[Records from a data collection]
Start of Block

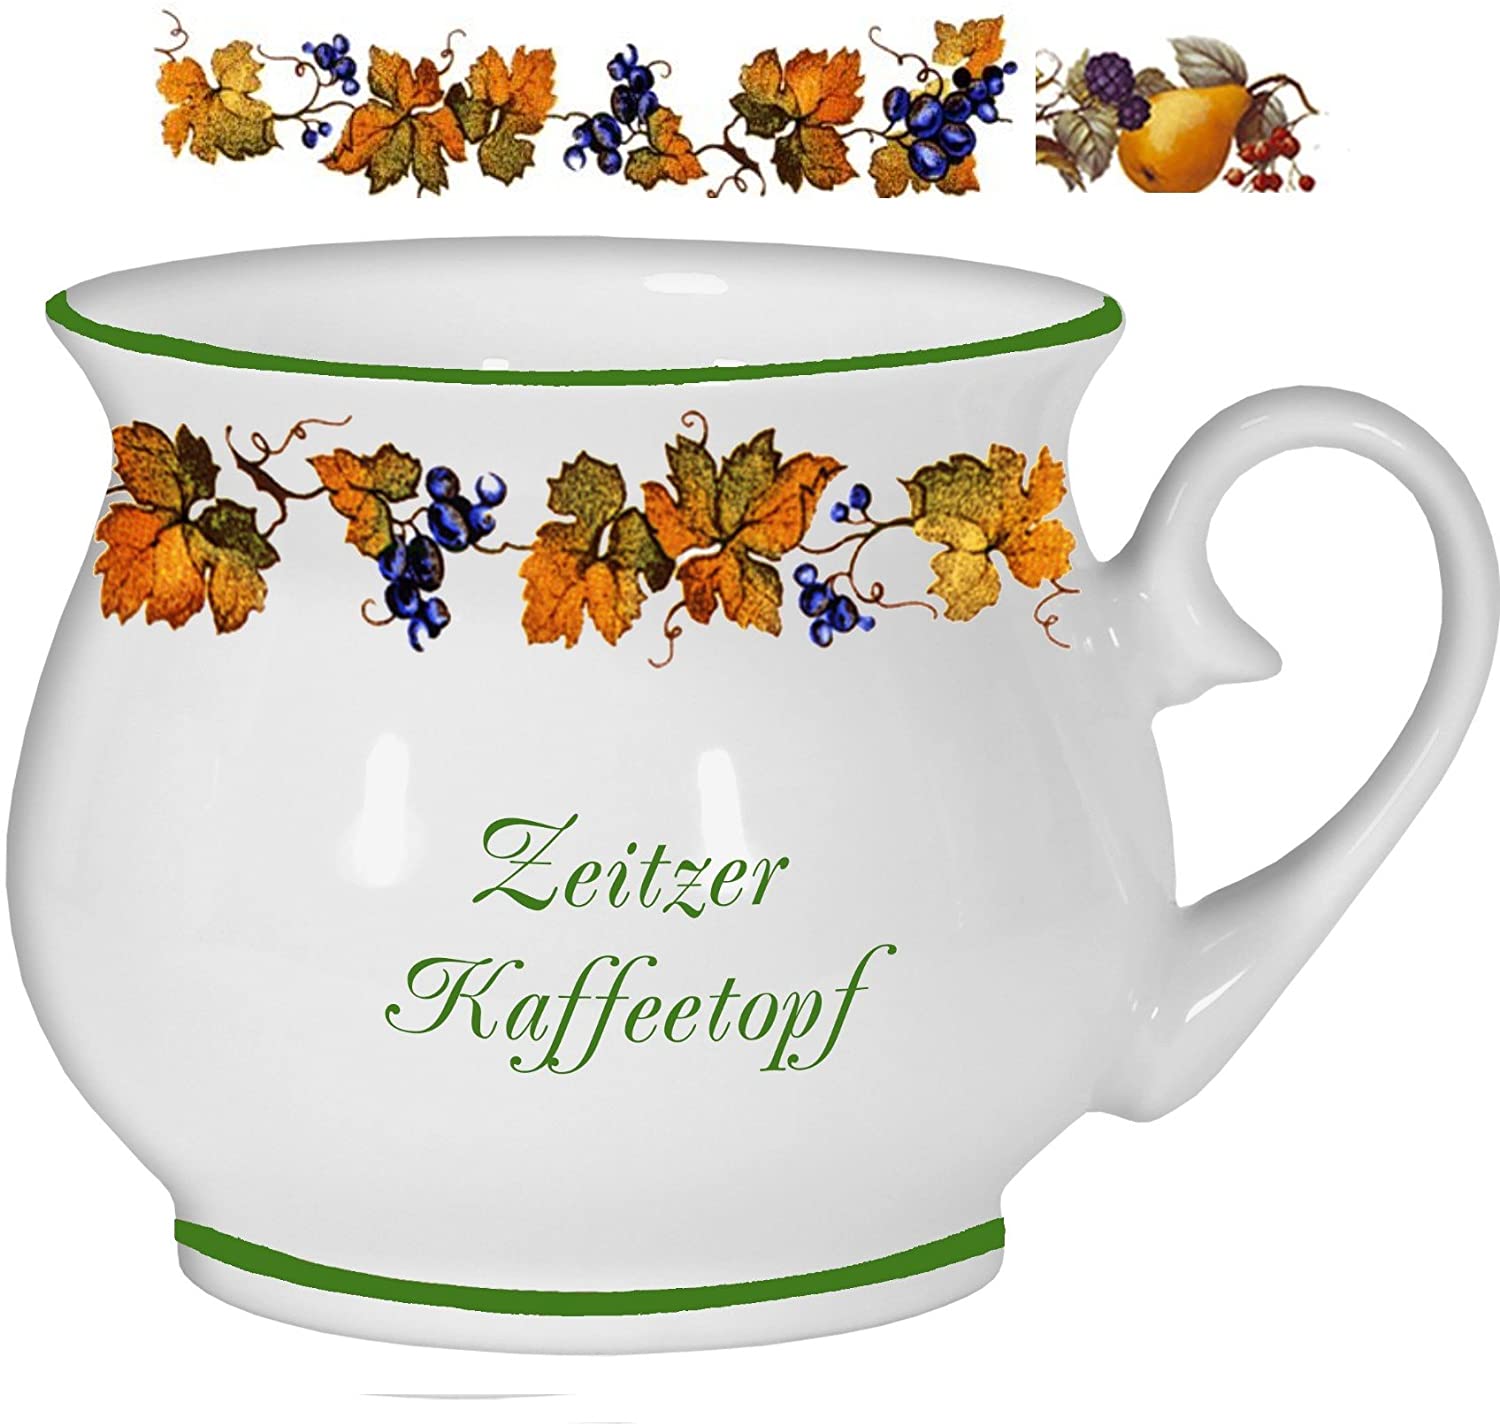 Porzellan- Tasse, Kaffeepott, Kugelbecher - Zeitz - Traubenranke - deutsches Produktdesign
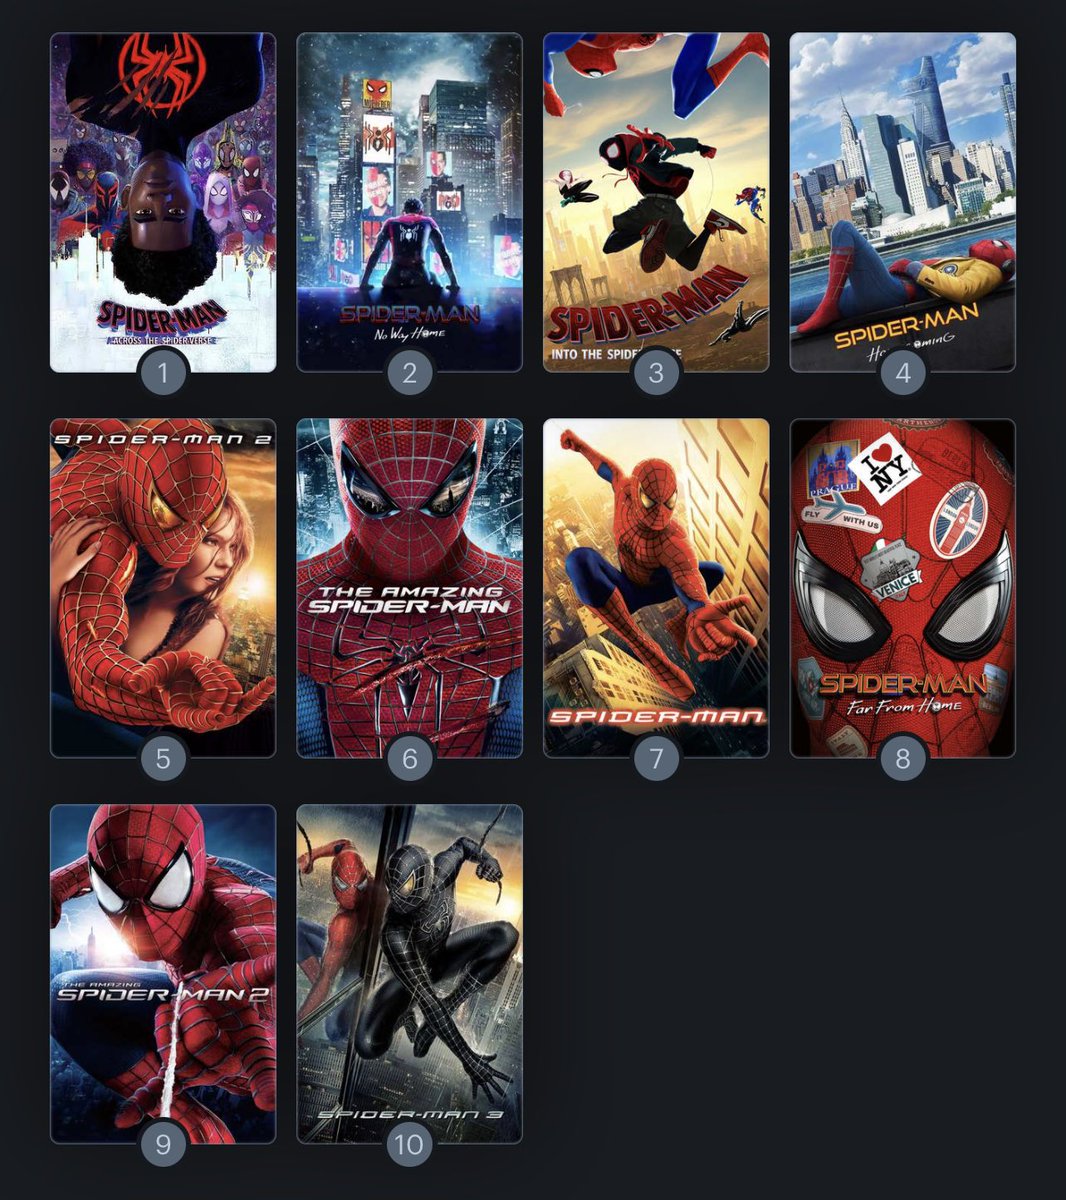 Ranking my favorite #SpiderMan Films

1) #AcrossTheSpiderVerse
2) #SpiderManNoWayHome
3) #IntoTheSpiderVerse
4) #SpiderManHomecoming
5) #SpiderMan2

6) #AmazingSpiderMan
7) #SpiderMan
8) #SpiderManFarFromHome
9) #AmazingSpiderMan2
10) #SpiderMan3

End of Block

Problem to work on
Print exactly the lines from the one with "1) #AcrossTheSpiderVerse" through the end of the data, inclusive.

Output of the task
1) #AcrossTheSpiderVerse
2) #SpiderManNoWayHome
3) #IntoTheSpiderVerse
4) #SpiderManHomecoming
5) #SpiderMan2

6) #AmazingSpiderMan
7) #SpiderMan
8) #SpiderManFarFromHome
9) #AmazingSpiderMan2
10) #SpiderMan3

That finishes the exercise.